Train curve accuracy getting worse

Hi Ines,

Thanks! Sorry, I do have one more follow up question. After running the ner.train-curve function, I noticed that my model actually gets WORSE with more data. Why do you think that would be the case?

Sincerely,
Sidd

(I hope it’s okay I move this question to a new topic – I think it makes more sense this way and also makes it easier to find for others.)

How many examples do you have? And how much worse is it getting? Also, is the behaviour consistent, i.e. do you see roughly similar results if you run the train-curve recipe several times?

If you’re working with small numbers of examples, it’s more common to see a fluctuation here. If the dataset is really small (like, under 500 examples), it’s kind of unpredictable and very difficult to reason about the results.

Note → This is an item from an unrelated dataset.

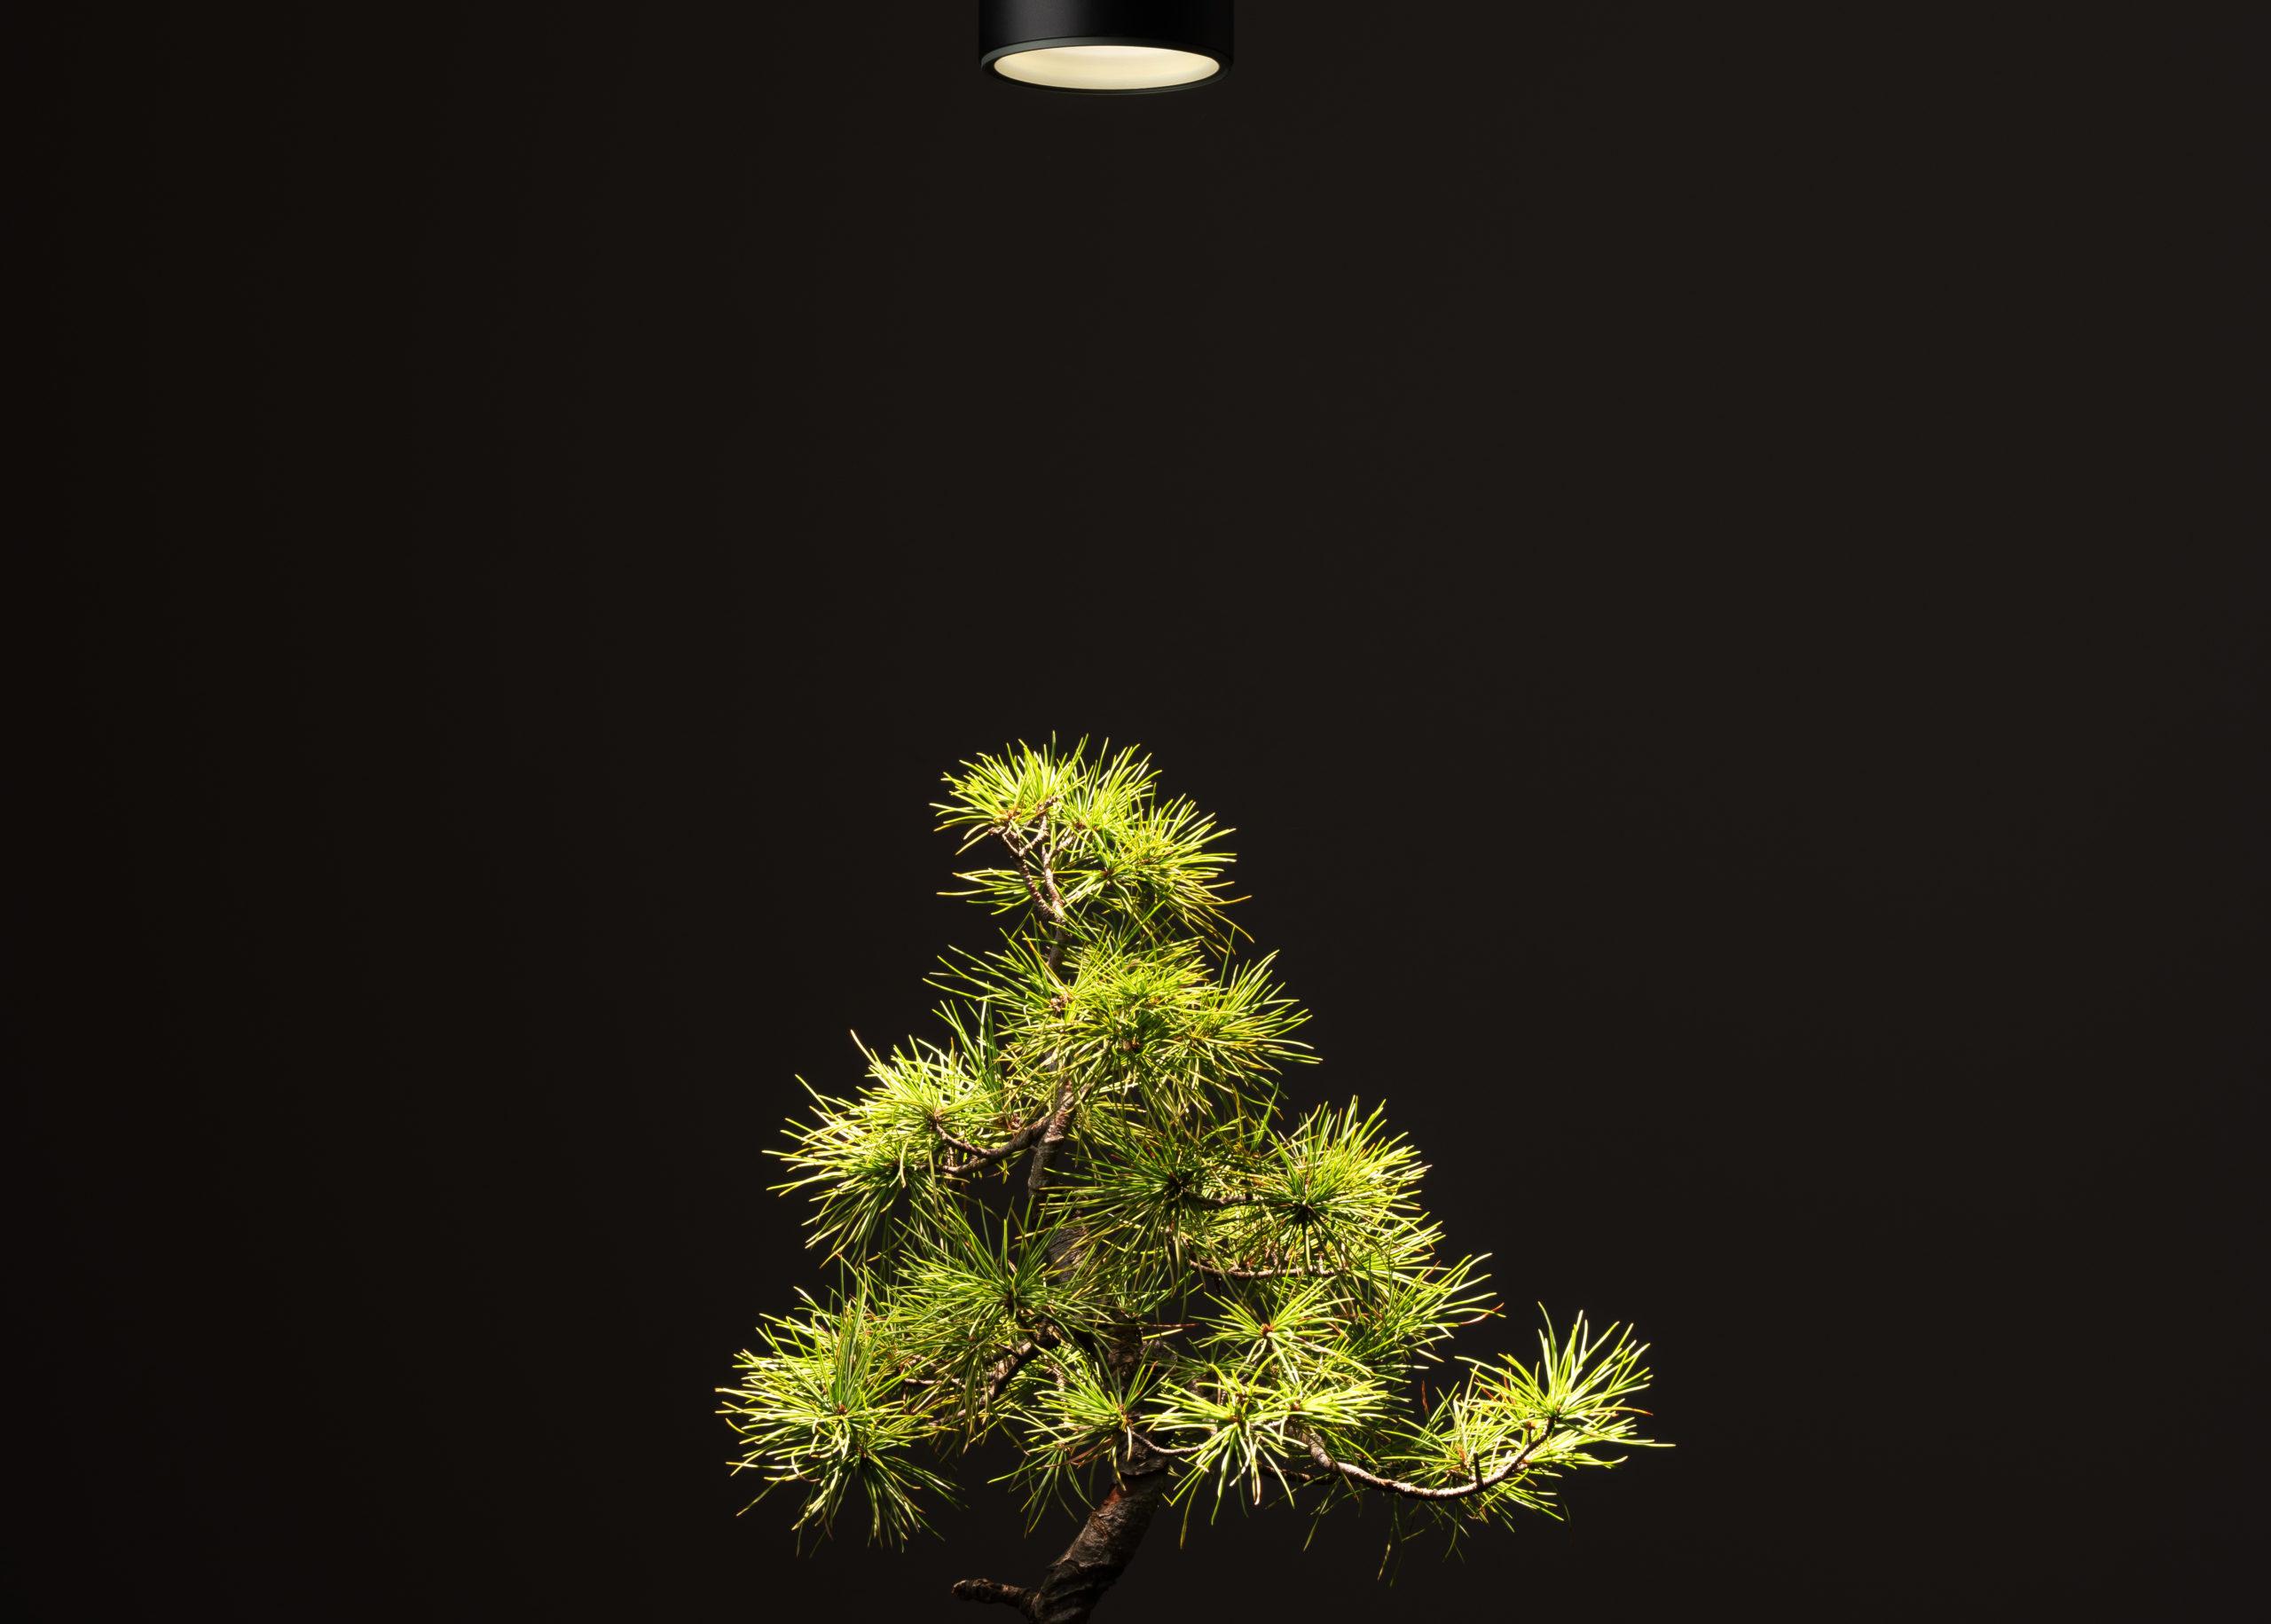 OURA 室內植物燈 - 調光式軌道燈 3D均光比較圖 01有 scaled

If accuracy is decreasing or not increasing with more examples, it’s usually an indication that your data just isn’t very suitable for teaching the model what it’s supposed to learn from it. It could also mean that the label scheme you’ve used isn’t suitable and that the model isn’t able to efficiently learn the distinction. This can happen if the local context around the entity doesn’t have enough clues, or if the labels are too specific. (See Matt’s talk for a more in-depth look at designing label schemes).

Hey Ines,

No problem at all! I had ~8000 examples, but however did not use a separate evaluation set and just used eval split to split off a portion of the training set for evaluation. It went down from 68% to 54% from 25% of the data to 50% of it and then normalized. This only occurred for the en_core_web_sm model though; it did not happen for the md and lg models. But when I tried running train-curve on the sm model again, it did not decrease with more data.

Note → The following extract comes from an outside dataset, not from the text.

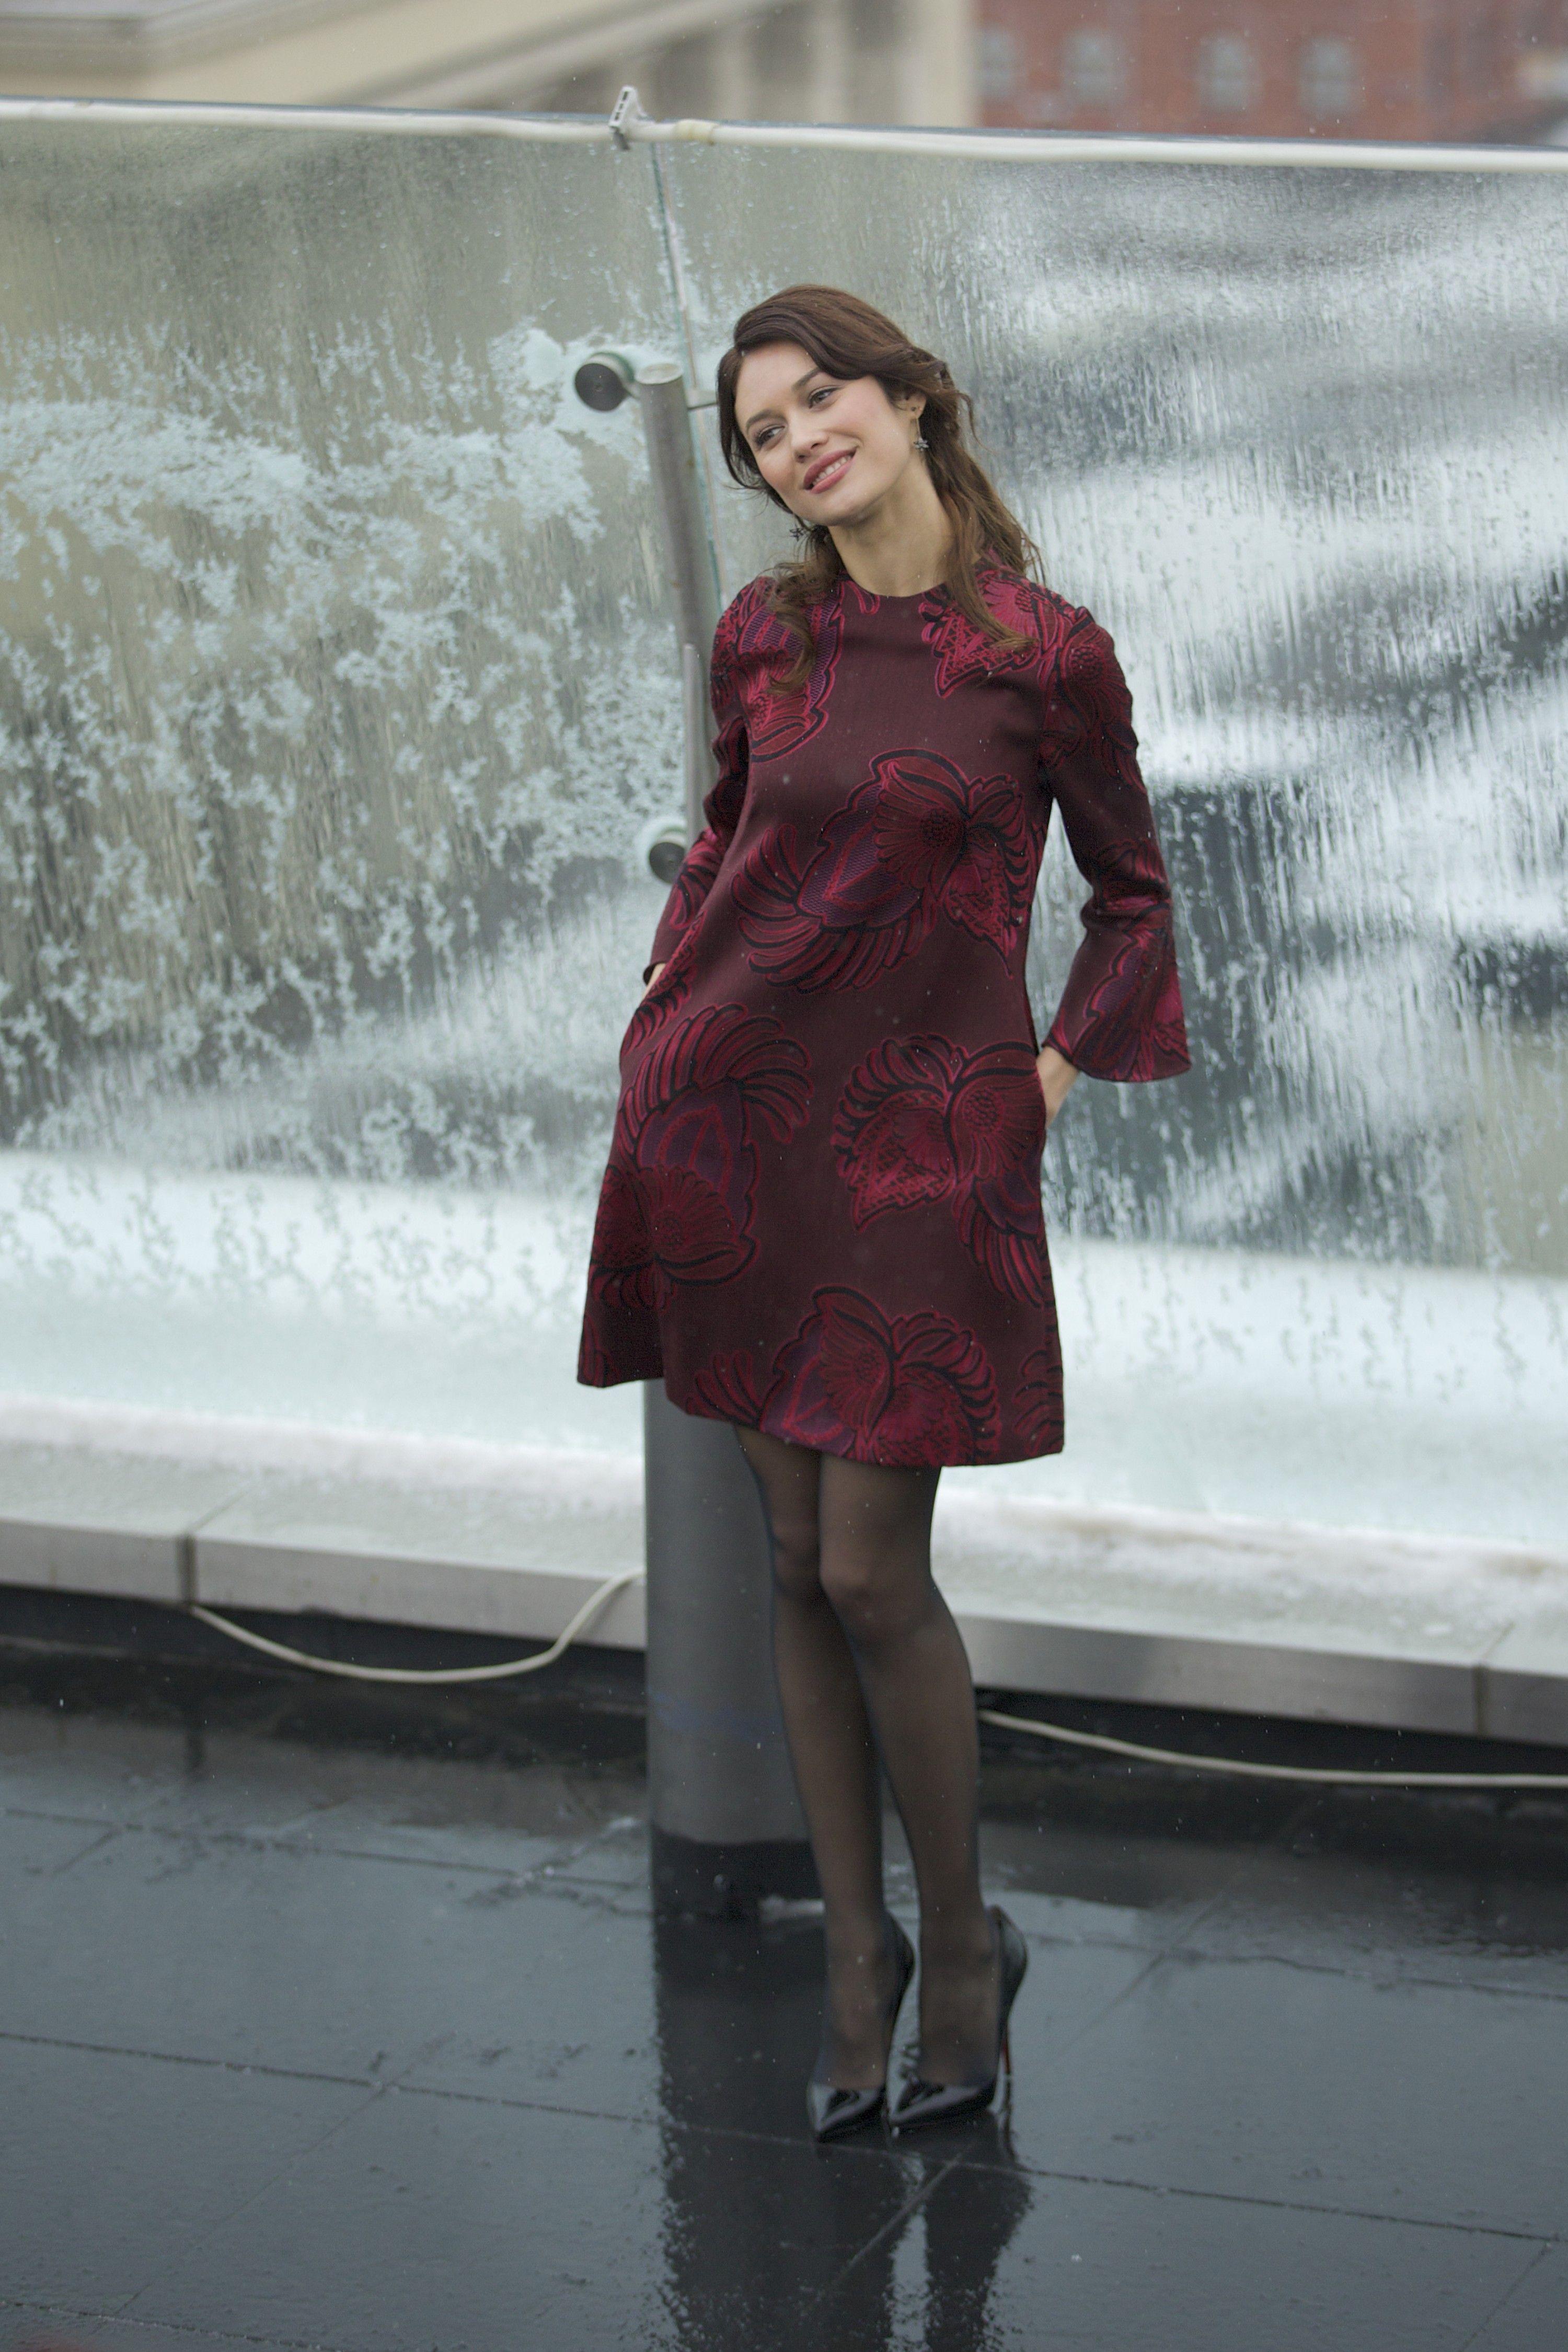 Olga Kurylenko in pantyhose - More pictures here: http ...

However, as you mentioned, the accuracy isn’t really increasing with more data though. Are there any strategies that I can use to try to figure out the issue with the annotations?

I do have another question that’s a bit of a tangent (maybe this deserves another post, but I’ll let you make that call). I noticed that the accuracy scores for these Spacy models are approximately 85%. If we’re getting a score less than that (batch-train is giving me 63-64%) and are training on top of a pre-existing model, does that mean that catastrophic forgetting is impacting the model? Another score-related question, why am I getting a different score from batch-train and train-curve (am getting 63-64% from the former and getting 72-73% from the latter).

Thanks,
Sidd

Hi Ines,

This might be a stupid question, but I’m assuming the model we use for annotation has to be the same model we use to train right? Right now, I annotated with the sm model and have tried training with md and lg. If we want to try new models (md and lg) for training, we’d need to create new annotation sets with those new models being used for annotation, correct?

Thanks,
Sidd

Hi Sidd,

You definitely don’t need to create new annotations to train a new model! In fact after you’ve collected a bit of data, you might find it’s better to start from a blank model. The reason is that the pre-trained model might start out with entities not relevant to your problem, which can get in the way. Try starting with the en_vectors_web_lg model and see how you go.

I also think you’ll benefit from creating a stable evaluation set, that you’ve vetted carefully. You want to get the annotations complete and correct, and you want to make sure there’s no overlap in your evaluation data and your training data. Setting up a stable evaluation set will make it easier to compare your results as you continue your work.

I also wouldn’t necessarily worry about the difference in accuracy you’re seeing and the normal model. Your annotations are different from the ones the model is trained on initially, and if you use ner.teach, the sorting algorithm has preferred difficult examples.

Hey Matthew,

Thanks for your response! For sure, that’s good to know. I’ll try creating a model from scratch.

With regards to the evaluation set, is it okay if I simply placed the json file created for the evaluation set from using eval split from batch train in a dataset and used that as my separate evaluation set? Or would you recommend actually creating new a dataset with brand new annotations?

Lastly, is there a goal accuracy that I should be looking for?

Thanks,
Sidd